Malam itu kegelisahan menderaku. Secarik kertas dalam genggaman membuatku bingung. Istriku diam sambil sesekali melihat ke arahku.
“Sudahlah mas, jangan terlalu dipikir. Nanti pasti ada jalan keluar. mBesok aku tak pinjam uang lagi ke bu carik”, kata istriku memecah kesunyian.
“Kita memang harus pinjam, tapi apa bu carik mau meminjamkan uang lagi. Utang kita sudah banyak..”, jawabku lirih selirih harapanku yang nyaris sirna.

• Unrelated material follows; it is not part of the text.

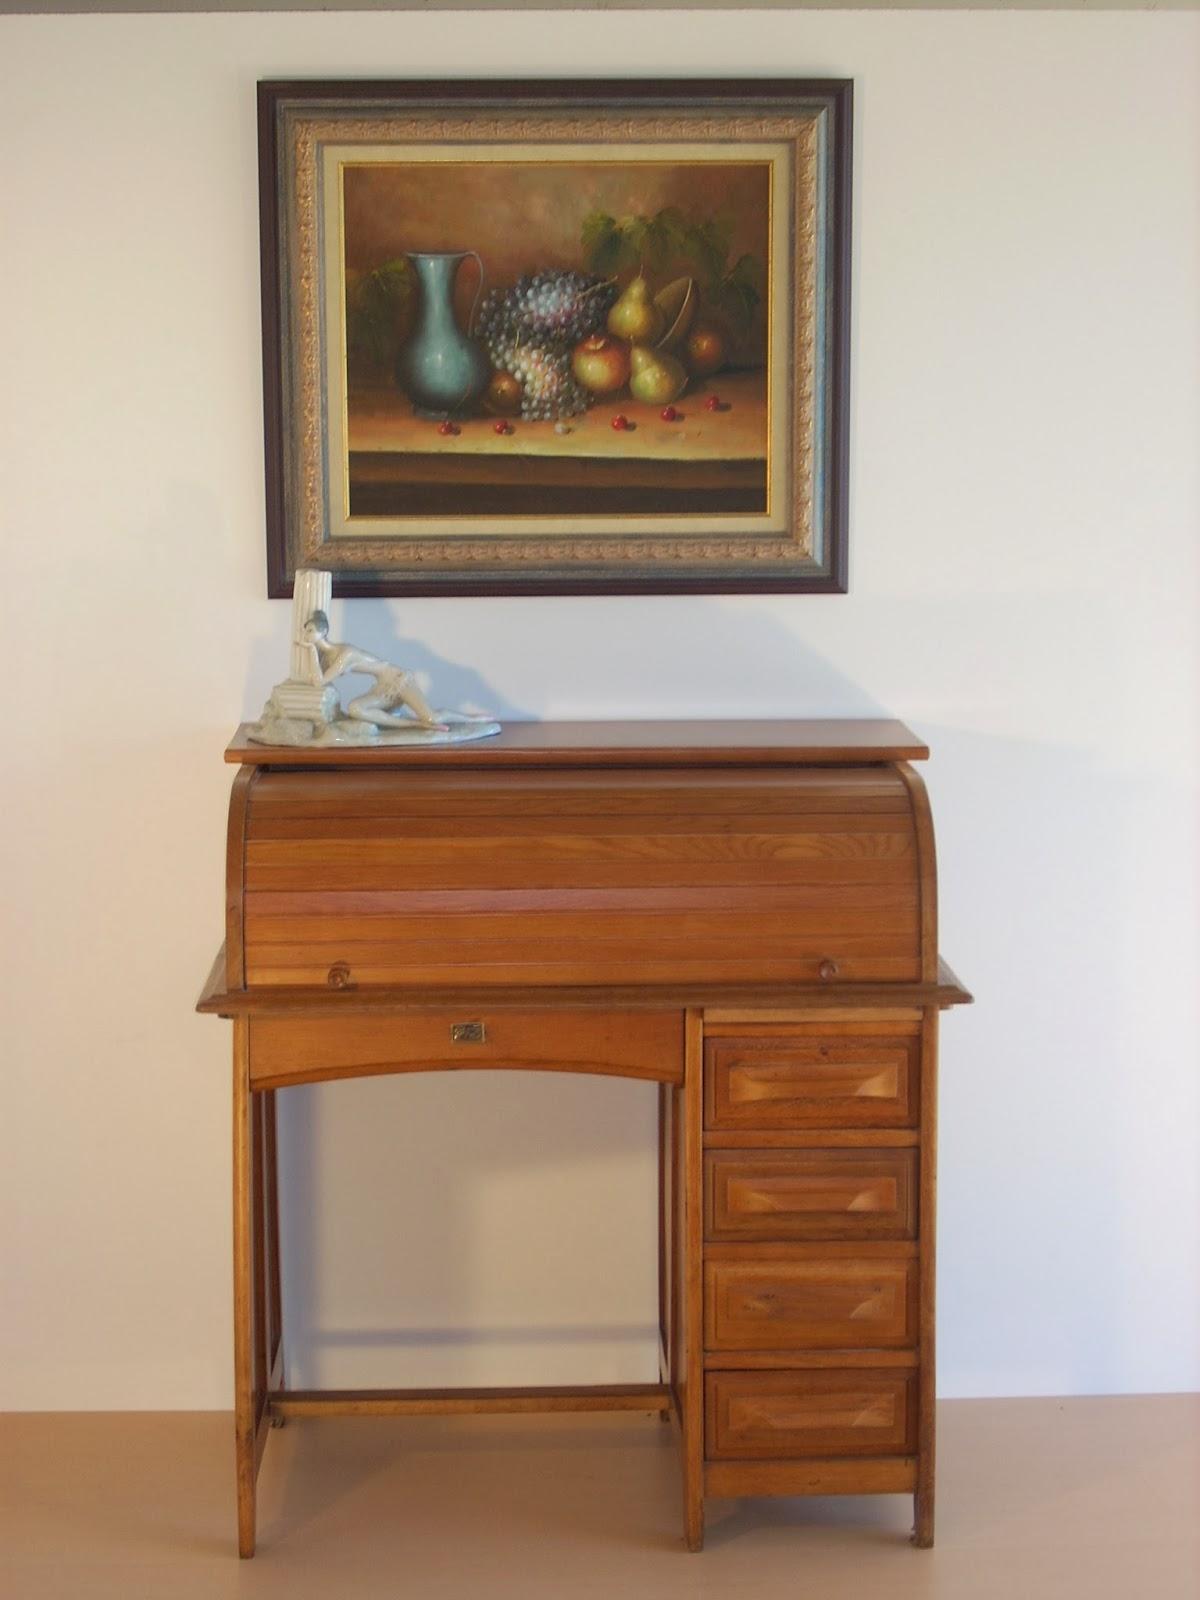 Venta de muebles antiguos restaurados naturmoble mesa de - Comprar muebles antiguos ...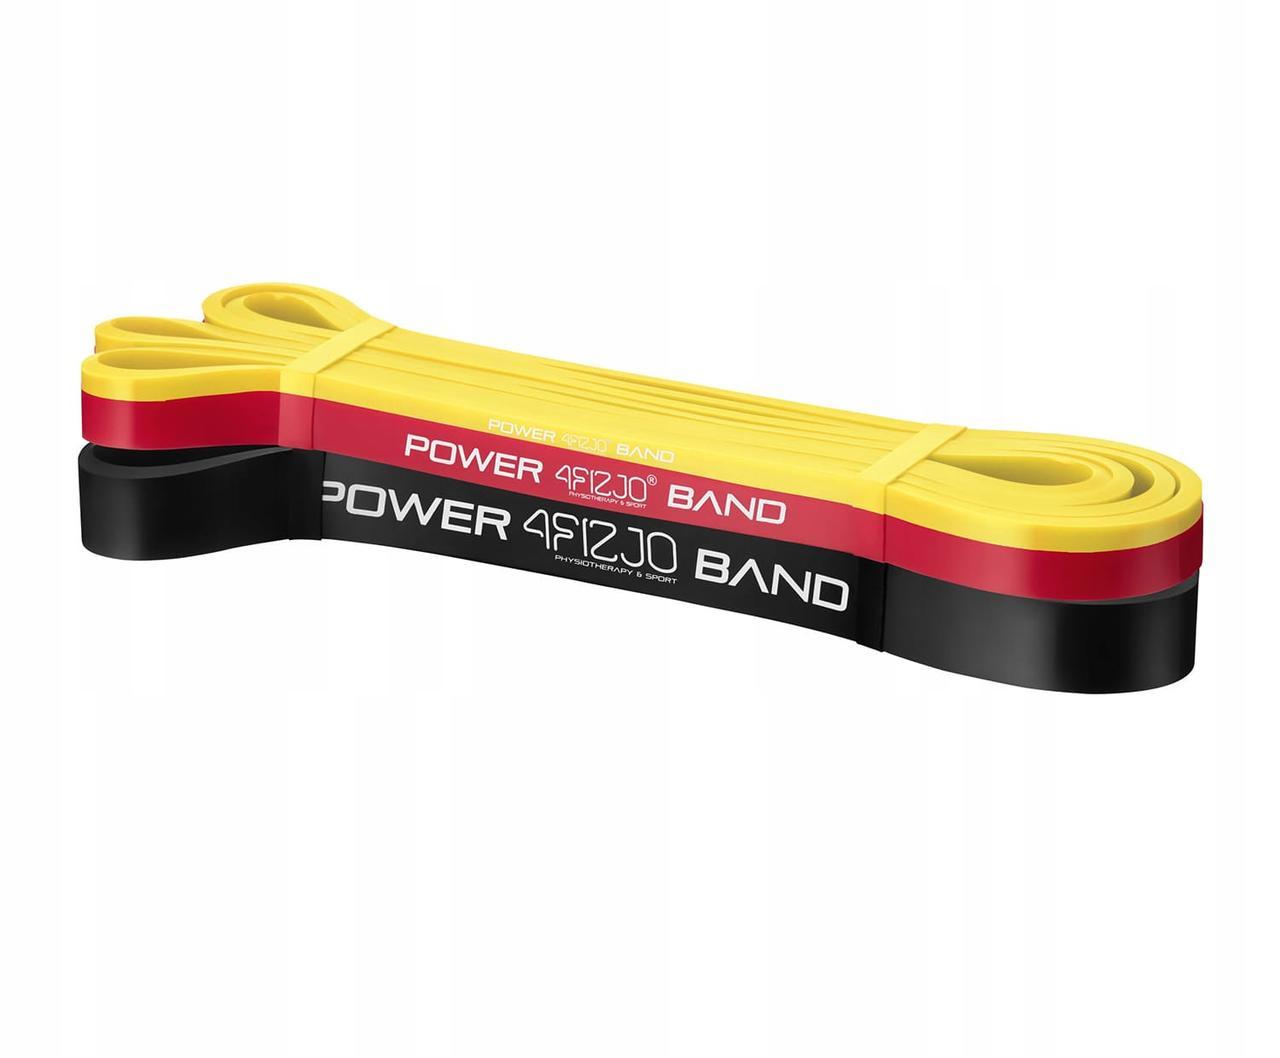 Еспандер-петля (гумка для фітнесу і спорту) 4FIZJO Power Band 3 шт 2-17 кг 4FJ0062

“Iya mas, memang. Tapi ini kan bukan soal sedikit atau banyak. Toh kalau Gusti ngersakake pasti akan ada jalan, meski mungkin bukan dari bu carik. Yang penting tole bisa ikut”.
Kucoba mencerna kata-kata wanita yang kunikahi 22 tahun yang lalu dan sudah memberiku 2 anak ini. Ya, istriku benar. Kesulitan tak kan pernah hilang, akan tetapi selalu ada jalan. Malam pun semakin larut. Mataku masih menerawang sambil tetap memegang secarik kertas bertuliskan ‘BIAYA KARYA WISATA SEKOLAH’.
Beberapa hari kemudian kuberanikan diriku menemui pak ketua lingkungan. Ia seorang guru SD dan orang biasa memanggilnya mbah guru. Usianya sudah lebih dari setengah abad, berkumis dengan rambut yang mulai memutih di sana-sini. Kedatanganku bukan hendak pinjam uang, akan tetapi sekadar menceritakan kesulitan yang sedang kuhadapi.
Ia manggut-manggut mendengar ceritaku. Alisnya nampak terangkat pertanda ia menyimak dengan serius. Sampai beberapa saat setelah kata-kataku habis, ia masih belum membuka suaranya. Sementara suara jangkrik bersahut-sahutan di luar sana.
Rasa penyesalan mulai mendera mempersalahkan diri mengapa mesti bercerita kepada orang belum tentu bisa memberikan solusi. Meski begitu keyakinanku mengatakan hanya dia satu-satunya orang yang bisa mendengar ceritaku.
“Nak Kardi”, kata mbah guru mengagetkan lamunanku. “Saya bisa memahami kesulitan yang dihadapi Nak Kardi sekeluarga. Memang tidak mudah menghadapi banyak persoalan sekaligus, apalagi yang berkaitan dengan kebutuhan hidup. Akan tetapi Nak Kardi saya harap tetap percaya dengan Yang Punya Hidup karena segala sesuatu bersumber dari Dia”.
Mataku menatap ke bawah mendengarkan nasehatnya.
“Saya tidak bisa membantu banyak”, lanjut mbah guru. Kata-kata itu seperti memupuskan harapanku. Aku semakin tertunduk lesu.
“Saya mendengar ada sekolah yang membutuhkan seorang tukang kebun. Kebetulan saya kenal dengan kepala sekolahnya. Jika nak Kardi mau silahkan membuat surat lamaran dan nanti akan saya bawa”.
Senyumku mengembang mendengar tawaran mbah guru. Muncul seberkas harapan meski masih nampak samar. Segera kusanggupi tawaran mbah guru untuk membuat surat lamaran kerja.
“Kang, ayo kang kerja lagi”, ajak Iwan mengagetkanku.
Ah, ternyata waktu 1 jam sudah habis. Saatnya kembali bekerja.
“Bentar Wan, kuhabiskan dulu rokokku. Eman, masih sehisapan lagi”, sahutku pada Iwan.
Segera aku berjalan menuju tumpukan bata merah yang masih yang berdiri setinggi dada. Kubuang rokok dan kuraih cetok yang tadi kurendam dalam ember.
Keringat mulai membasahi tubuhku. Matahari dengan angkuh memandang dari atas sana. Panasnya kian menyengat di atas kepala. Semilir angin pun tak lagi mampu mengimbangi keperkasaan sang surya. Akan tetapi terik siang ini tak sebanding dengan merekahnya harapan dalam hatiku. Sekarang aku punya alasan untuk tersenyum. Tersenyum karena kemarin aku mendapat panggilan atas lamaran yang dulu kubuat.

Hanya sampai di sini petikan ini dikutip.